Rand barked a laugh. “Third base has very little to do with ears!” Then he dropped his eyes. “Maybe a little to do with them,” and when she didn’t respond, he said more soberly, “It’s complicated. You see in practice, we’re already at third base, so it’s only a matter of—”

“How do you figure that?”

“Well I’m thinking about when we—”

She wagged a finger. “Oh, I think if there’s a twelve year gap in the game, the clock has to be reset.”

“Damn,” he laughed and took her hand in his again. “I thought you might say that.”

“I can’t believe you remember.”

He gave her a lopsided smile. “It was my first kiss too.”

“Really!” She gasped, her hand flying to her throat. “But you were the school hunk. There’s no way that was your first kiss.”

“I was shy too you know.” He quirked his shoulder. It was what it was. He wasn’t going to deny it. Especially with her.

She leaned forward and brushed her fingertips lightly across his lips; they parted under her touch. “And I made your lip bleed.”

“I already knew love hurt.” Cornball but true.

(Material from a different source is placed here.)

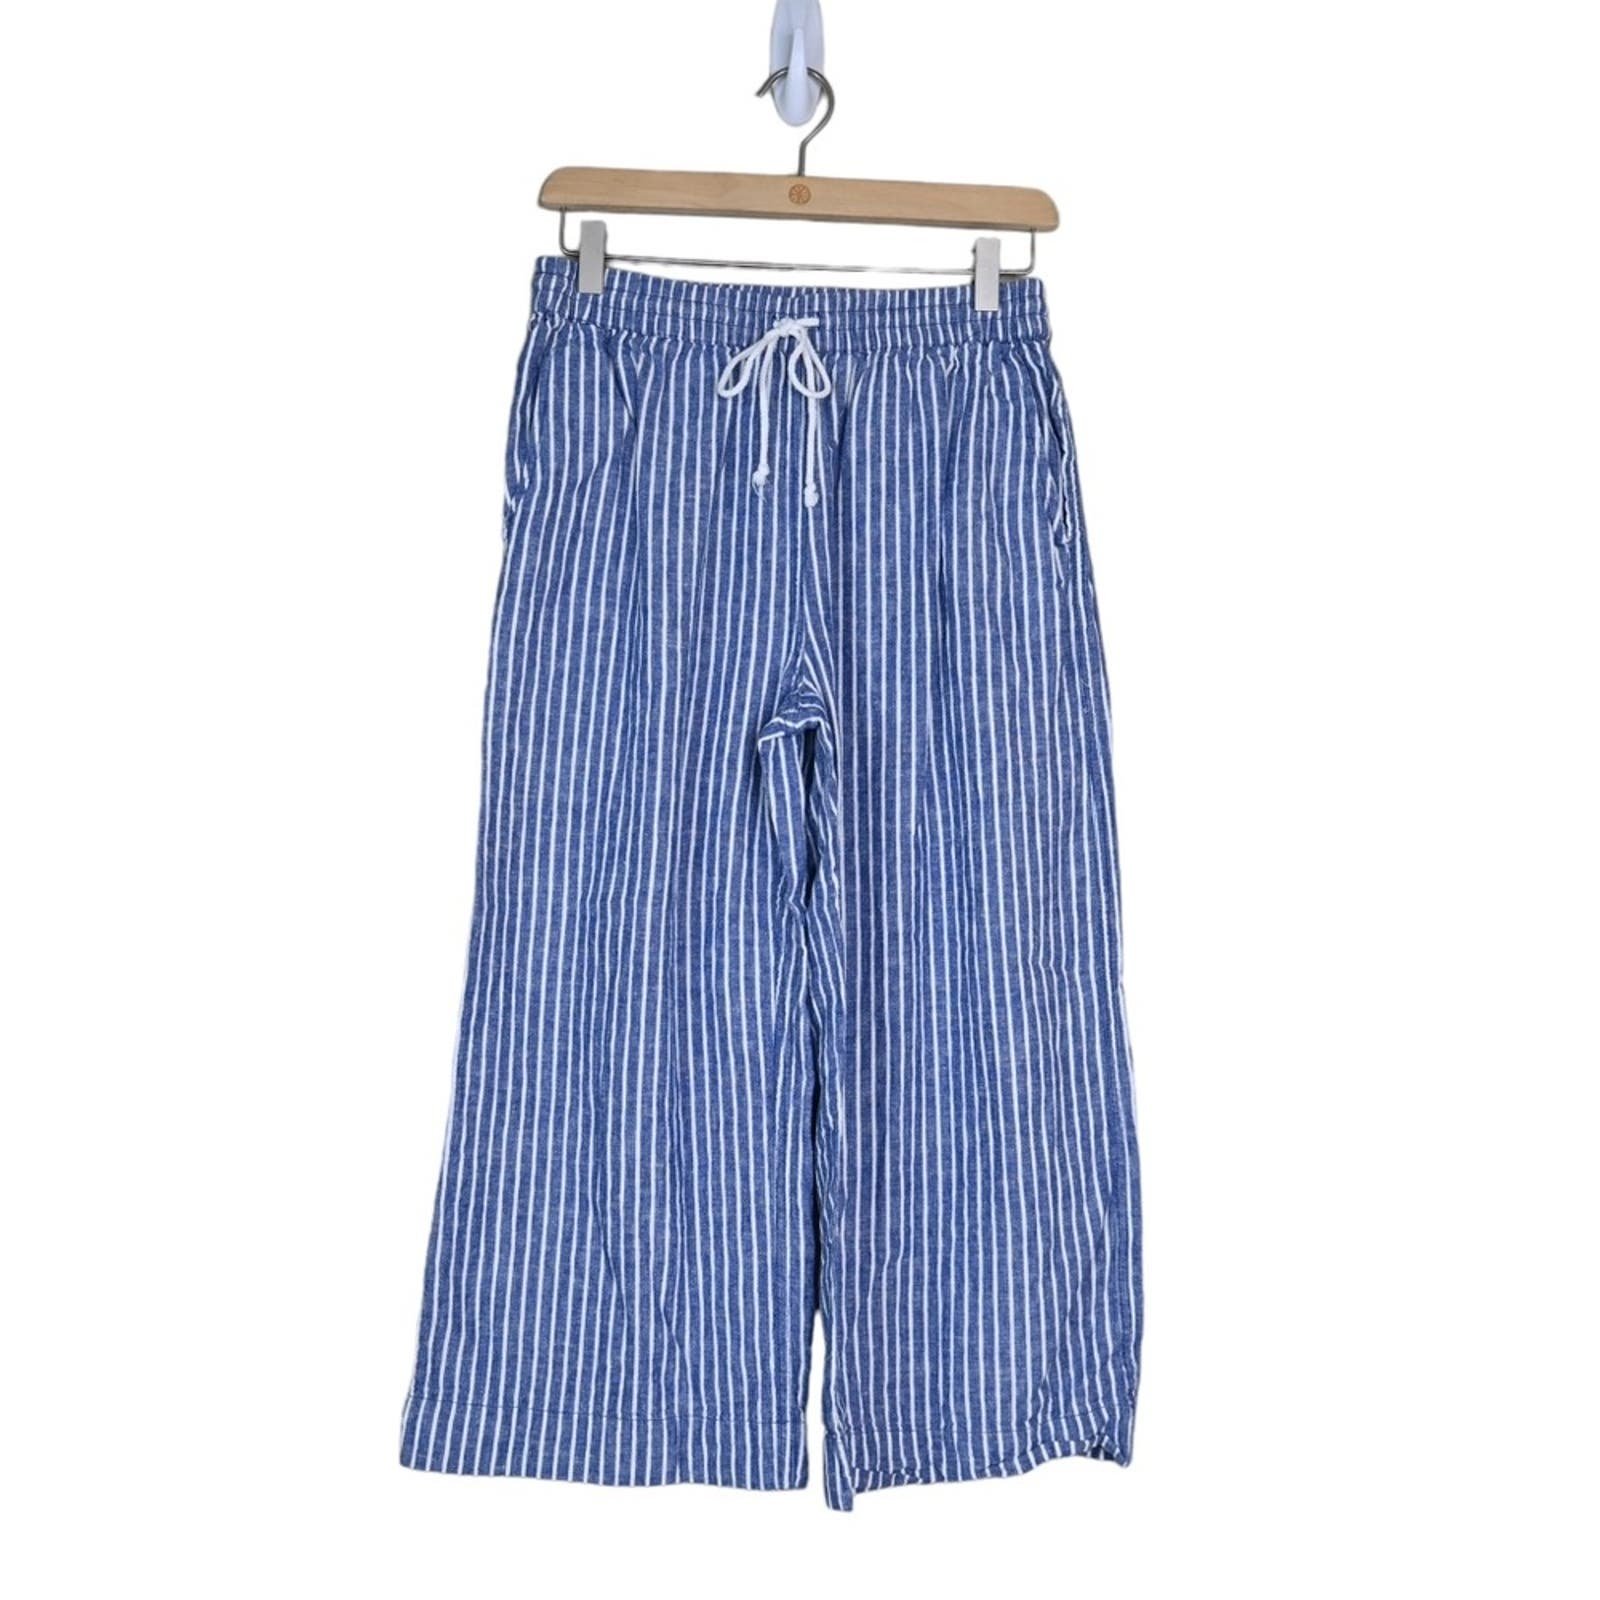 Discounted Beachlunchlounge Womens S Margot Drawstring Striped Linen Blend Pants mKvt7Eqgy Outlet Store

He captured her hand and brought it back to his lips to kiss. When they danced a second time, it was easier to stay in the present. He held her closer this time, worried less about where he moved her, focussed on falling into her eyes.

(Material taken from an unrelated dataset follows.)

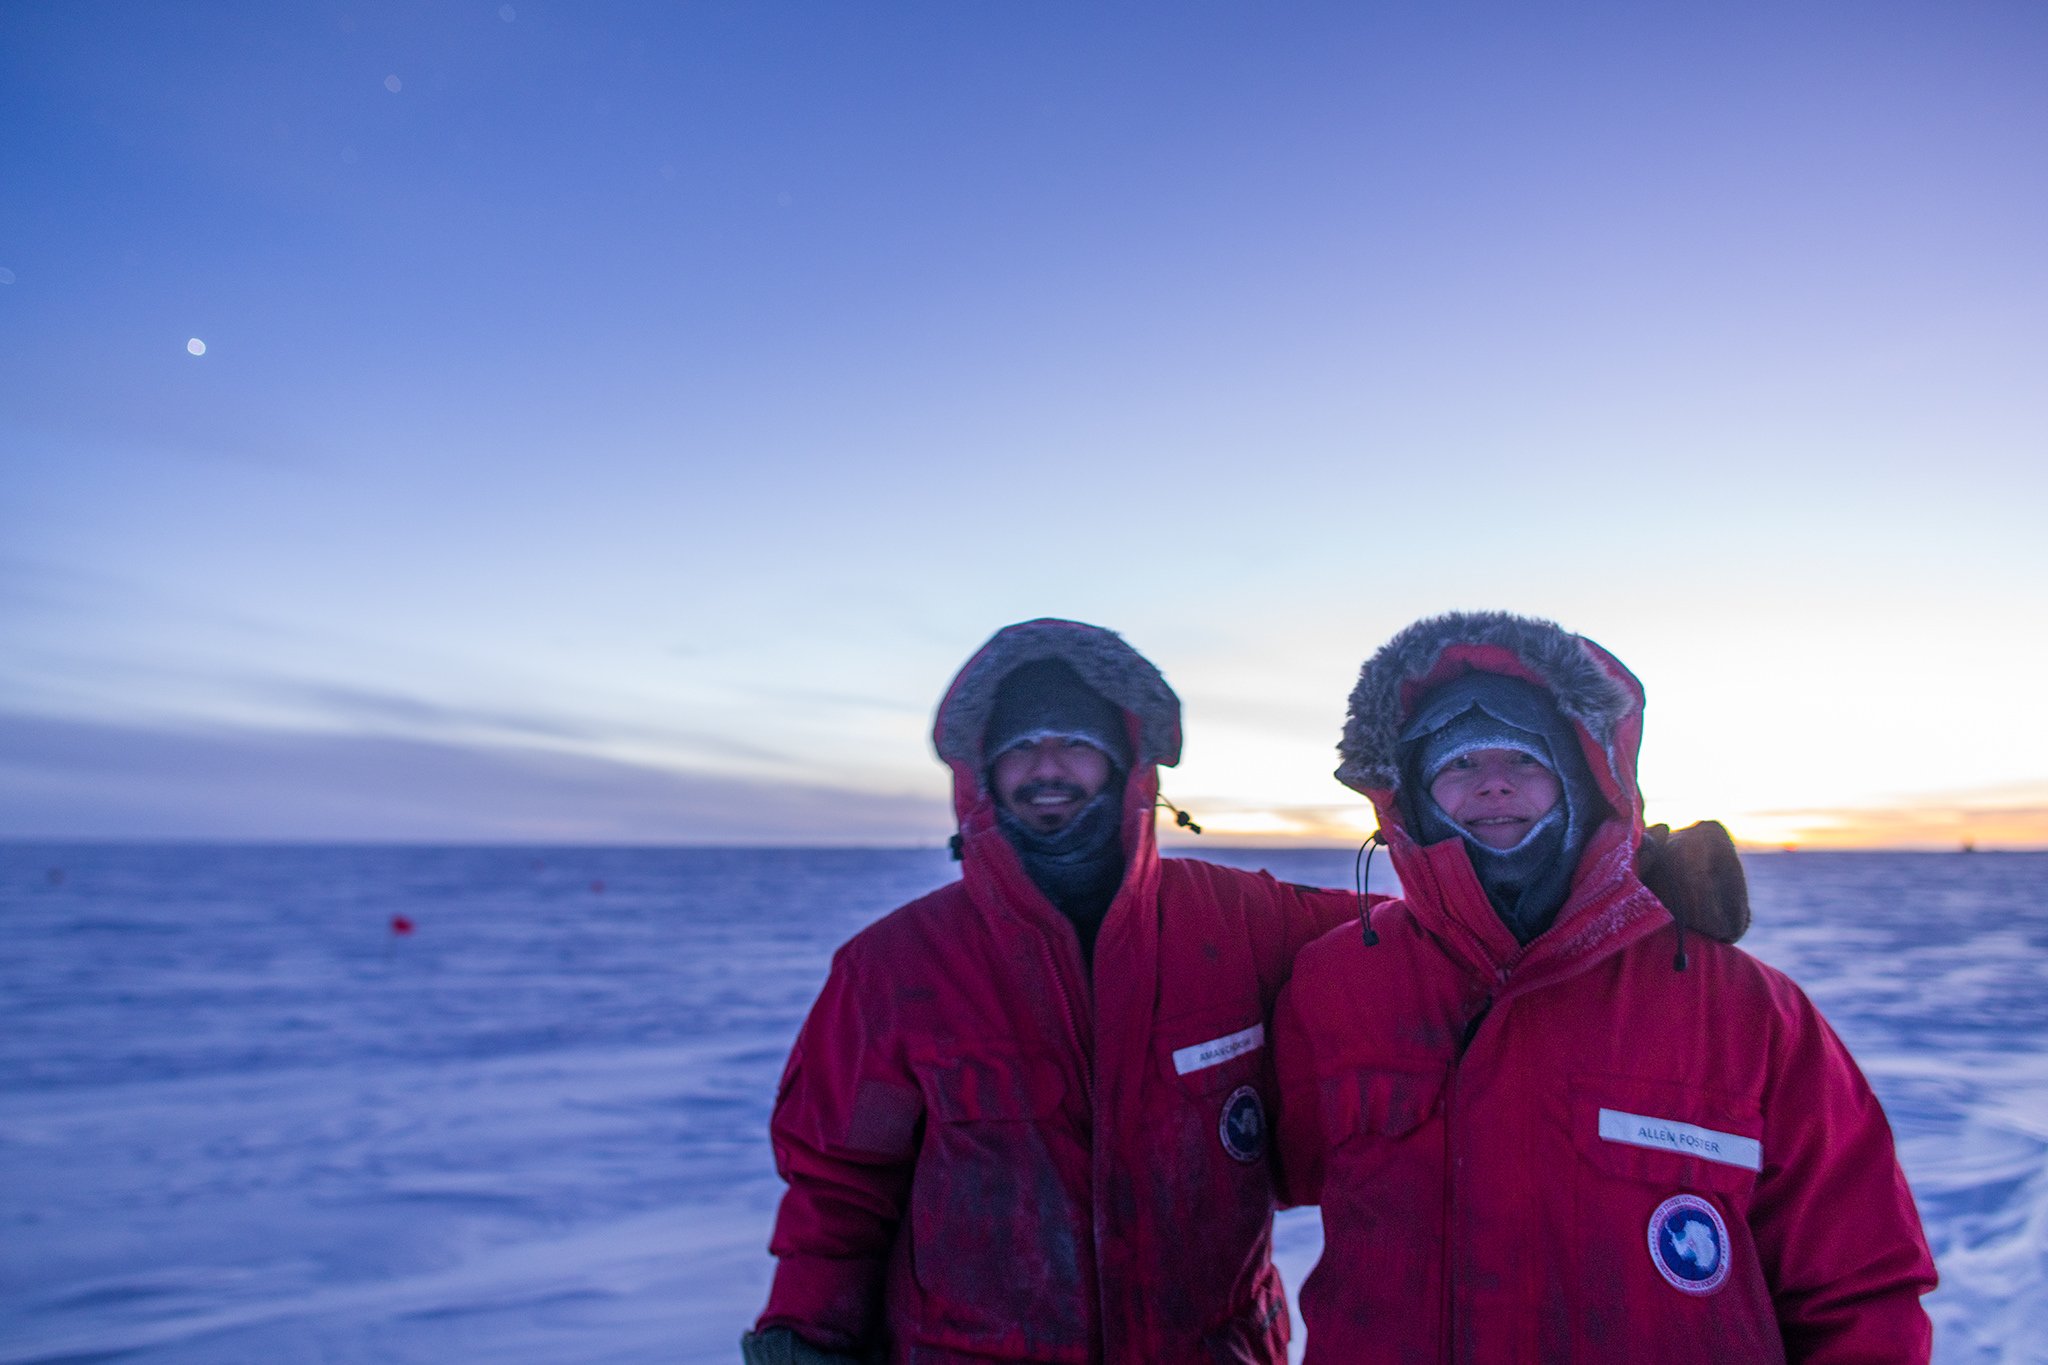 The polar expeditioners wear layers and layers of clothing to protect themselves against the cold.

She said, “Aren’t you going to ask me your last question, the one about a home run?”

“No. I don’t think I need to.”

“Oh.” Harry’s mouth was a pout of disappointment, begging to be explored. Rand pulled her closer and whispered against her cheek, “I already have the answer.”

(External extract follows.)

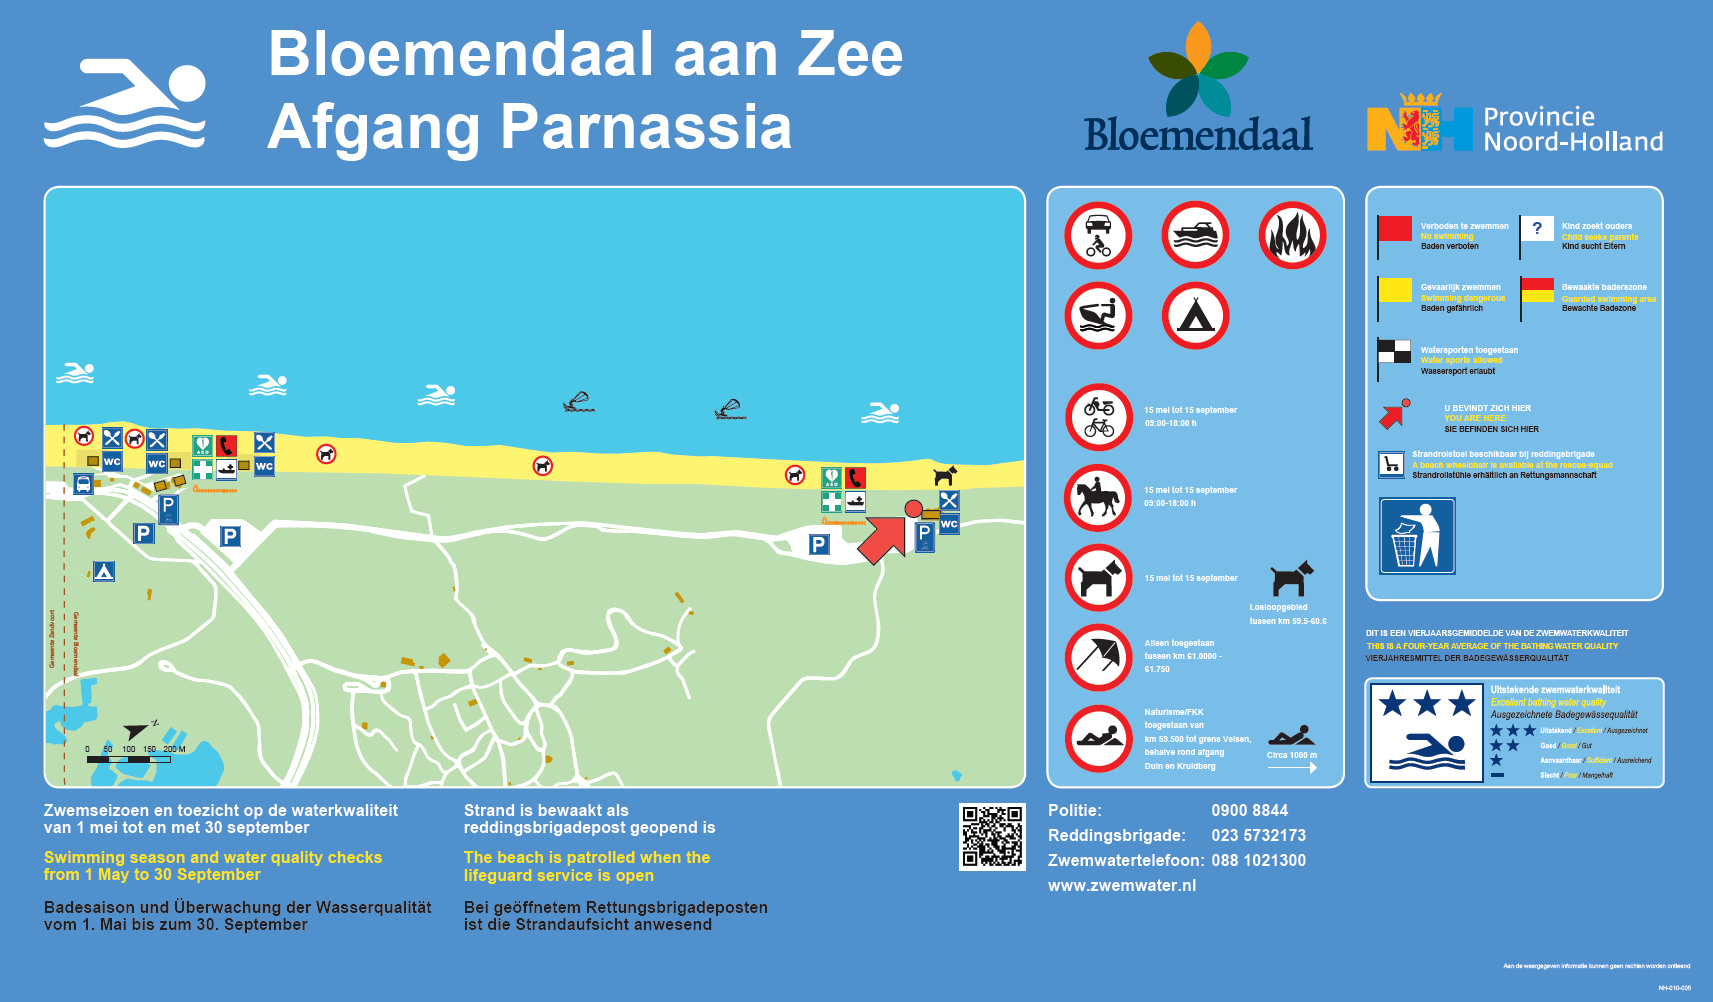 The information board at the swimming location Bloemendaal aan Zee, Afgang Parnassia

She stretched back from him. “Oh, you do! So what would that be then?”

“Correct me if I’m wrong, but I think I have a very good chance of stealing home.”

The fingers resting lightly on his shoulder fisted his shirt. When he brought his face close again, Harry held very still. When he brought his lips to hers, he felt her bones melt under his hands, and a spark of energy and light ignite inside his chest.

He said, “Let’s restart the clock. First base,” and kissed her again, like he was intending to fuse their lips permanently.